= Julius D. Canns =

American politician (1923–2005)

Julius Daly Canns (February 20, 1923 – February 20, 2005) was a Republican member of the Vermont State Senate, 1993–2005. He represented the Caledonia County Senate District.

Julius Canns was first elected to the Vermont State Senate on November 3, 1992 and served until his death.

==Biography==
Canns was born in Hartford, Connecticut on February 20, 1923. He attended elementary school in Bloomfield, Connecticut, and then the Haaren Aviation High School, in New York City. He went on to receive a certificate of completion from New York University, training in electronics from Delehanty Institute in 1948, and an LLB from La Salle Extension University in 1965.

He moved to St. Johnsbury, Vermont in 1958, where he operated a television store. He was married to Mary Canns, and had one daughter, Sharon, and two sons, Gary and Ronald.

In World War II he volunteered for the Marine Corps and served in the Pacific, attaining the rank of Gunnery Sergeant.
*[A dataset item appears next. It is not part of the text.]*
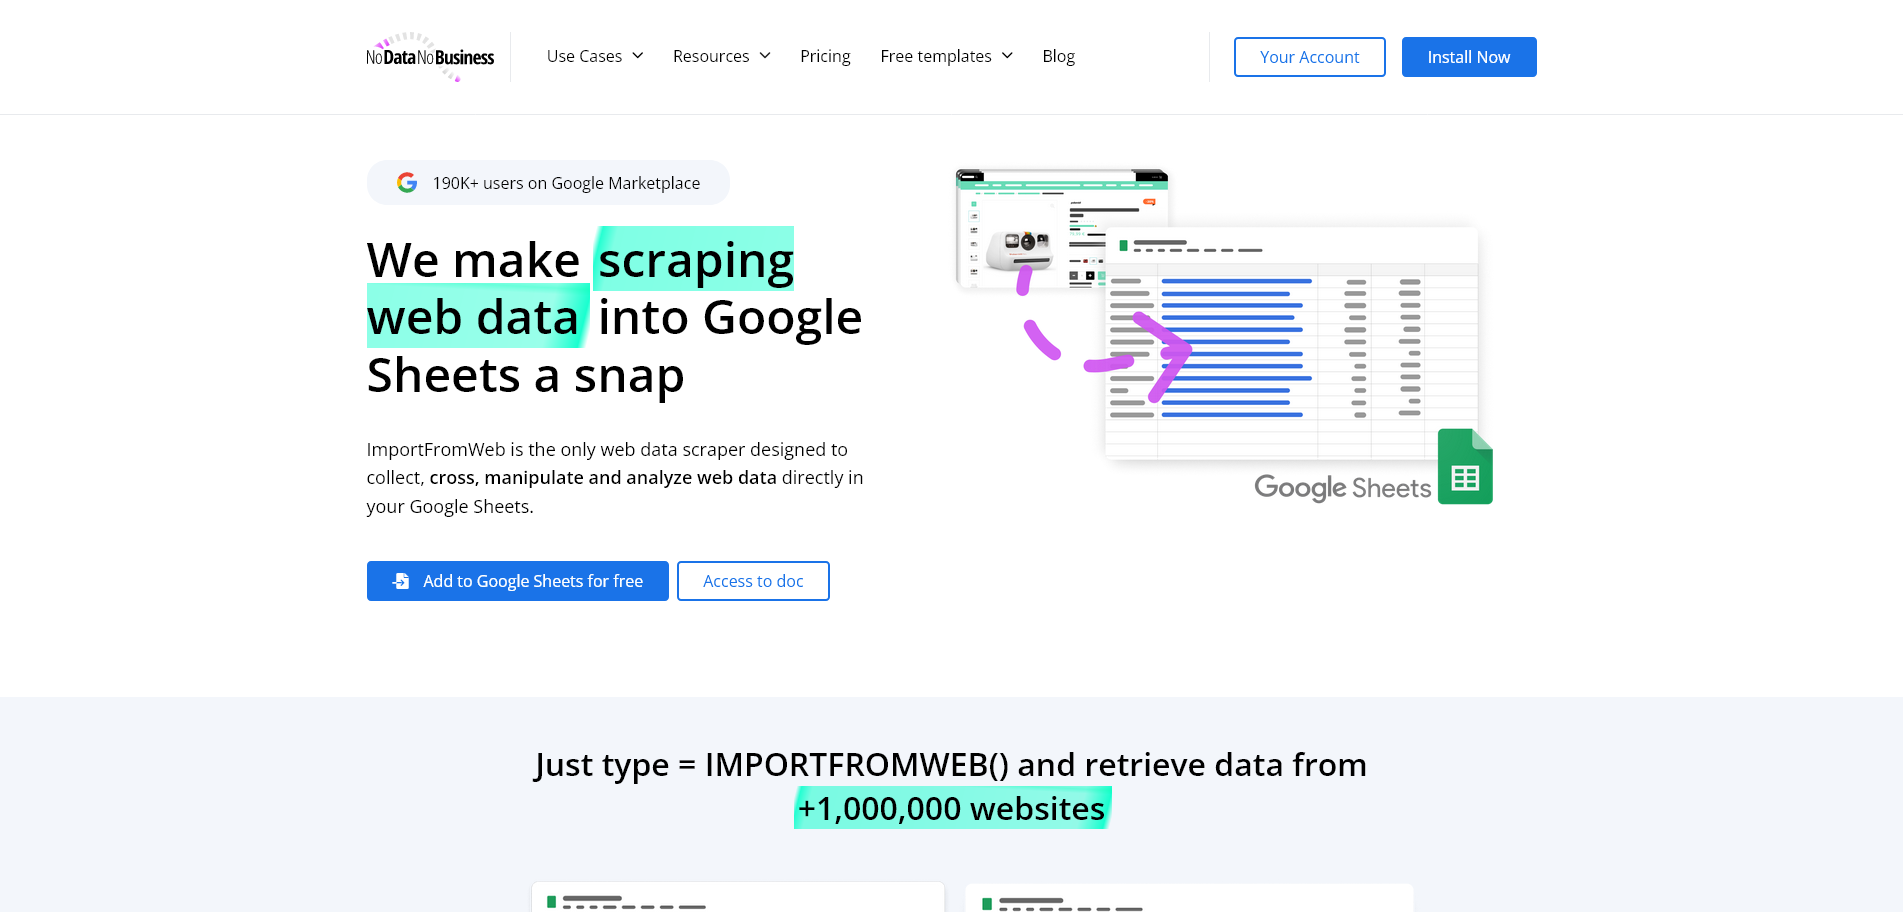 ImportFromWeb - Extract website data from Google sheets NoDataNoBusiness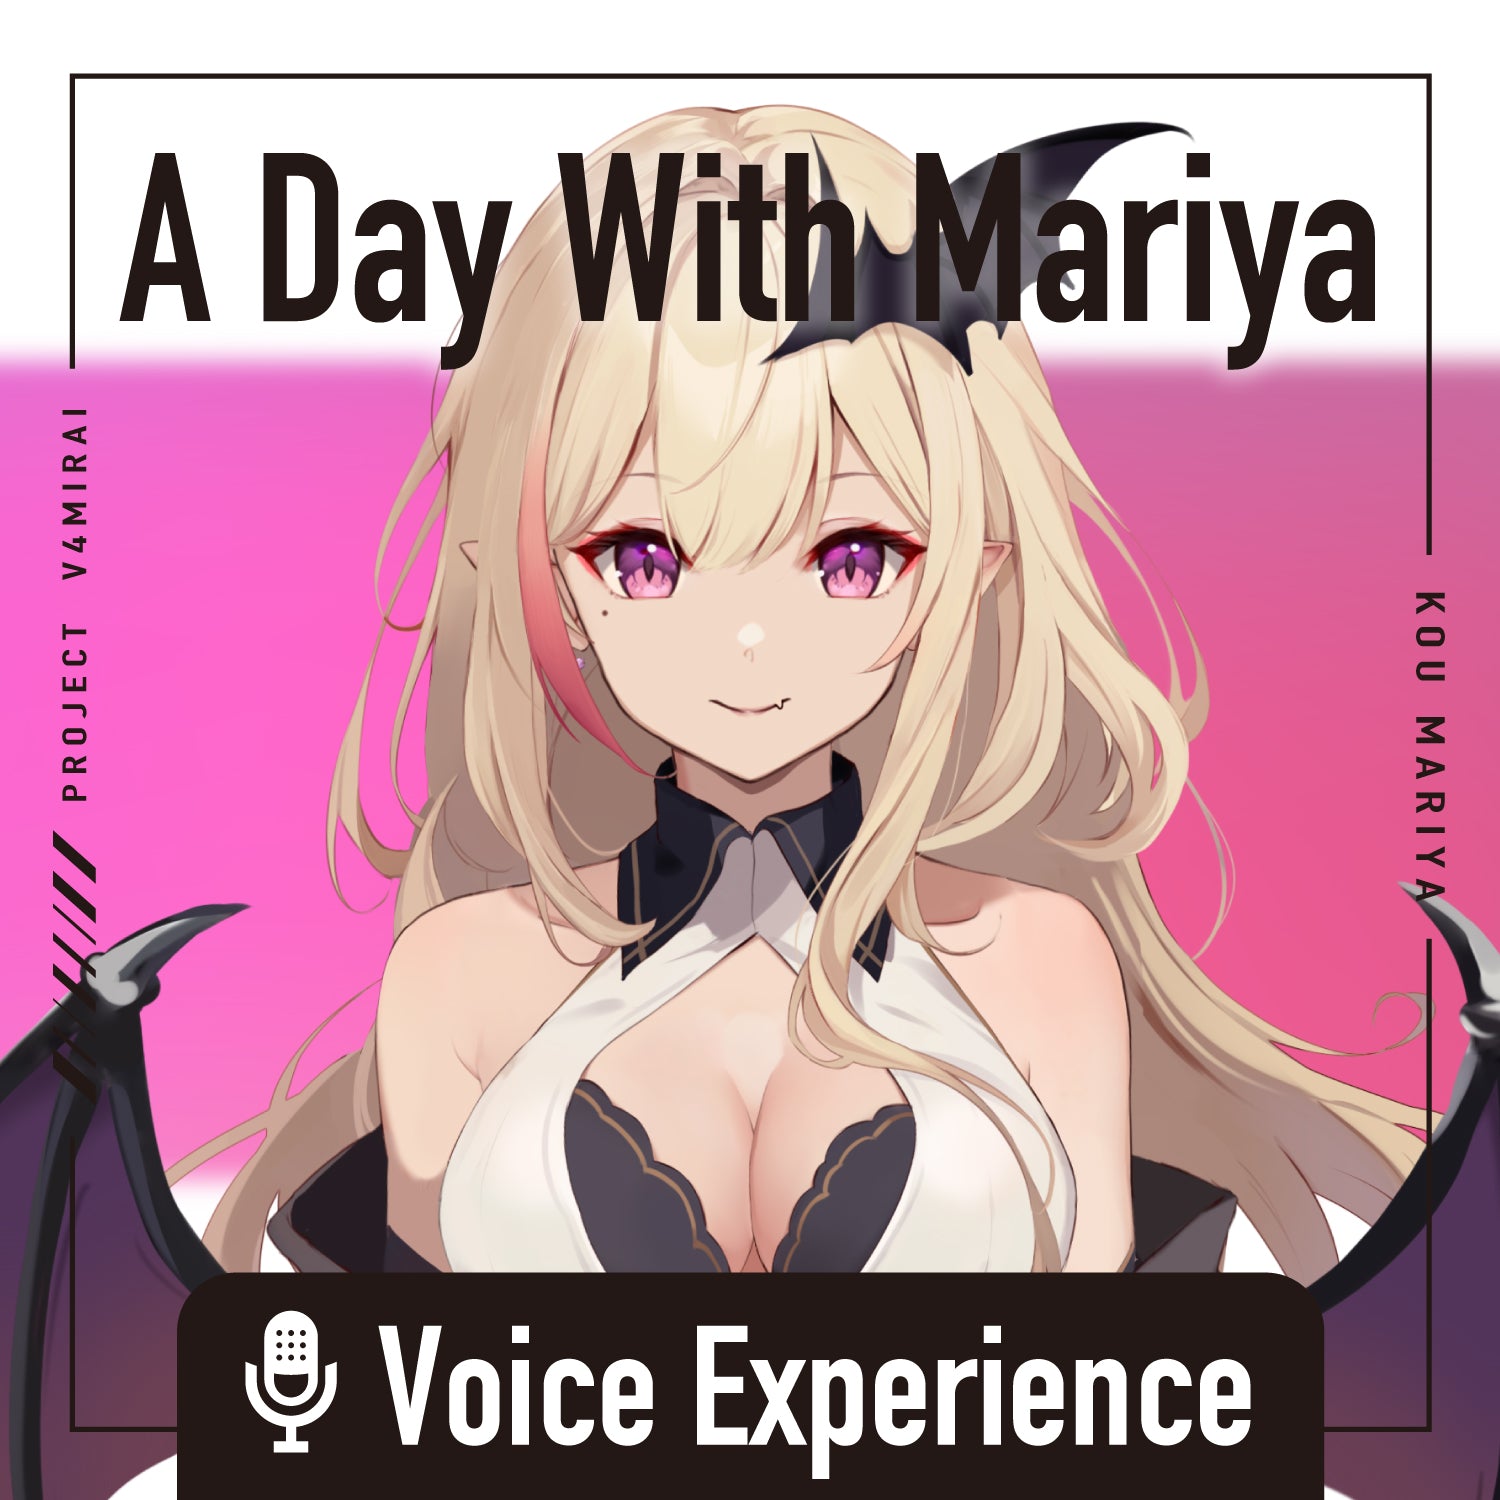 A Day With Mariya - Voice Experience

He died of cancer on February 20, 2005, his 82nd birthday.

==Public life==
Canns held the following offices:

- St. Johnsbury Grand juror.
- St. Johnsbury Justice of the Peace.
- Member St. Johnsbury select board (serving four years).
- St. Johnsbury tax collector.
- Caledonia County deputy sheriff.
- Member Vermont State Senate. First elected 1992, served until his death (February 20, 2005).

Following Canns' death, Governor James Douglas appointed George R. Coppenrath to serve out the remainder of Canns' term.